Reply Date: 2004/01/07

More Info


Hello Kevin,
Thank you for your question regarding placenta previa, which is indeed a significant concern during pregnancy. Placenta previa occurs when the placenta is positioned low in the uterus and partially or completely covers the cervix. This condition can lead to complications during pregnancy and delivery, so understanding the risks, treatment options, and prognosis is essential.

Normal Probability of Resolution:
In many cases, especially when diagnosed early in pregnancy, there is a good chance that the placenta will move away from the cervix as the uterus expands. Studies indicate that approximately 90% of women diagnosed with low-lying placenta or partial placenta previa in the second trimester will see the placenta migrate upward by the third trimester. Therefore, your doctor’s recommendation to monitor the situation with a follow-up ultrasound at 24 weeks is standard practice.
Risks Associated with Placenta Previa:
The primary risks associated with placenta previa include:
1. Bleeding: As the cervix begins to efface and dilate in preparation for labor, the placenta can be torn, leading to significant bleeding. This can be dangerous for both the mother and the baby.

2. Preterm Birth: If bleeding occurs, it may necessitate an early delivery, which can pose risks to the baby, including respiratory issues and developmental delays.

3. Cesarean Delivery: Most women with complete placenta previa will require a cesarean section to avoid complications during vaginal delivery. This is because the placenta obstructs the birth canal, making vaginal delivery unsafe.

4. Postpartum Hemorrhage: Women with placenta previa are at a higher risk for excessive bleeding after delivery, which can sometimes require surgical intervention.

Treatment Options:
The management of placenta previa typically involves:
- Monitoring: Regular ultrasounds to assess the position of the placenta and the health of the fetus.

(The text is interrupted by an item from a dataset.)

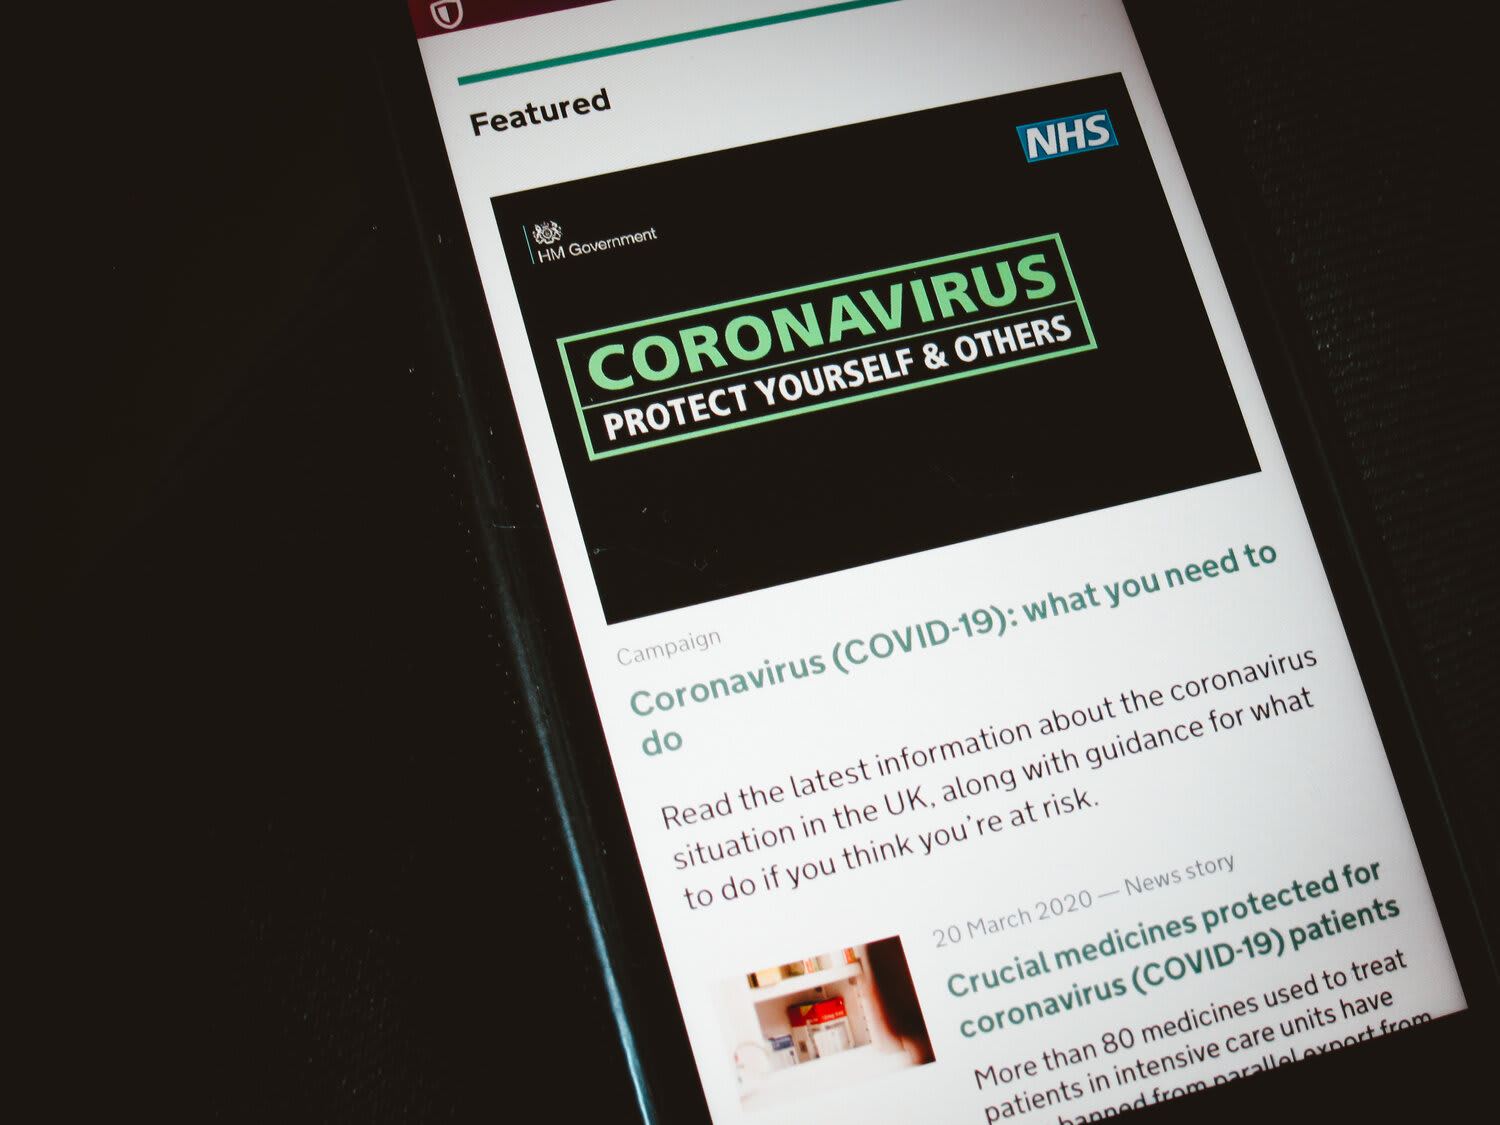 Humana adds telehealth coverage, services to help combat Coronavirus pandemic

- Activity Modification: Depending on the severity of the condition and any bleeding, your doctor may recommend reduced activity or bed rest.

- Delivery Planning: If the placenta remains low-lying or covers the cervix as you approach term, your healthcare provider will likely recommend a planned cesarean delivery, usually around 36-37 weeks, to minimize risks.

Prognosis:
The prognosis for women with placenta previa is generally good, especially with appropriate medical care. If the placenta moves away from the cervix, many women can have a normal delivery. However, if it does not resolve, careful planning and management can lead to successful outcomes for both mother and baby.

In conclusion, while the diagnosis of placenta previa can be concerning, it is important to follow your healthcare provider's recommendations and attend all scheduled follow-up appointments. This will ensure that both you and your baby are monitored closely, and any necessary interventions can be made in a timely manner. If you have further questions or concerns, don’t hesitate to reach out to your healthcare provider for personalized advice.

Wishing you and your family all the best during this time!